The error indices were good overall; in particular, MAPE was below 10%, which value has been indicated in literature as a critical threshold. Another very interesting result concerned the ratio between MAE and RMSE, which was larger than that obtained with regression kriging (0.8 vs. 0.76). In conclusion, the MARS model could be considered effective whenever the coefficients of the covariates were not constant over the study domain and the covariates were intertwined in more complex ways than additively.

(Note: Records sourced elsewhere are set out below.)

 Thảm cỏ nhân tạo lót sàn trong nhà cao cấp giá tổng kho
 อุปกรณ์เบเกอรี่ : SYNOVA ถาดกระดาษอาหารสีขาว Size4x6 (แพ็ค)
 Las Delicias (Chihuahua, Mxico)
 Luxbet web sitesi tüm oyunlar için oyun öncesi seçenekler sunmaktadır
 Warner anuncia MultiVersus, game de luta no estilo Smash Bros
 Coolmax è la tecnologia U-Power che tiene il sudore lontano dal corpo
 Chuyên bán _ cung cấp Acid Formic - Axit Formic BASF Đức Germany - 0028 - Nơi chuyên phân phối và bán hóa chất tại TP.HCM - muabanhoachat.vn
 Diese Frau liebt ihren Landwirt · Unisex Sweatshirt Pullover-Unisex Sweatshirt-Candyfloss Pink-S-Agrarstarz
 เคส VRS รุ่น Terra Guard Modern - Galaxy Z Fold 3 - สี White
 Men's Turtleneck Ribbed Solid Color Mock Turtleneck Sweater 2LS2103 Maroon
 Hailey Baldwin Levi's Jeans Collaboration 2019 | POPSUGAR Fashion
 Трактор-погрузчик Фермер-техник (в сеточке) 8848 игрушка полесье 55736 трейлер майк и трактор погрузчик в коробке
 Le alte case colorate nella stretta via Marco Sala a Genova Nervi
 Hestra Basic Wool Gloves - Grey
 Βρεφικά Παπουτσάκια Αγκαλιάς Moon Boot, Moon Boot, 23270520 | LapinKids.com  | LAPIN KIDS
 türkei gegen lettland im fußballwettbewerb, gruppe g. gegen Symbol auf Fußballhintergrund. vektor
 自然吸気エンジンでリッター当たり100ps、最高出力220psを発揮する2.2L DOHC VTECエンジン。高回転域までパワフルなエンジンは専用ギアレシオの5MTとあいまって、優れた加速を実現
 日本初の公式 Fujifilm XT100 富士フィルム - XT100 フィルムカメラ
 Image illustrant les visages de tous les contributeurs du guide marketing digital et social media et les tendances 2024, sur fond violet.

By comparing the error indices and Lin’s coefficients of both methods, it became evident that MARS performed better than RK. The two methods were linear (RK) and nonlinear (MARS), respectively. The main difference concerns the interaction terms, since the MARS model has one linear term and two multiplicative terms (interactions) that represent the added value that allowed improving the predictive capability of MARS with respect to that of RK.
In
Figure 10, the map of SOC predictions obtained with the MARS model is reported. Comparing the RK and MARS maps, they showed overall agreement, with a cluster of lower values in the northern part of the study area, a central part with the lowest values, and finally, a southern part with two clusters of larger values and a cluster of lower values.
Finally, to quantitatively compare the maps obtained by the two methods, a cross-correlogram was computed. The result was a value of 0.67 at the distance 0. Therefore, the map gained from RK can be considered a first approximation of that from MARS. This result underlines the reliability of the SOC spatial distribution predicted by the MARS model.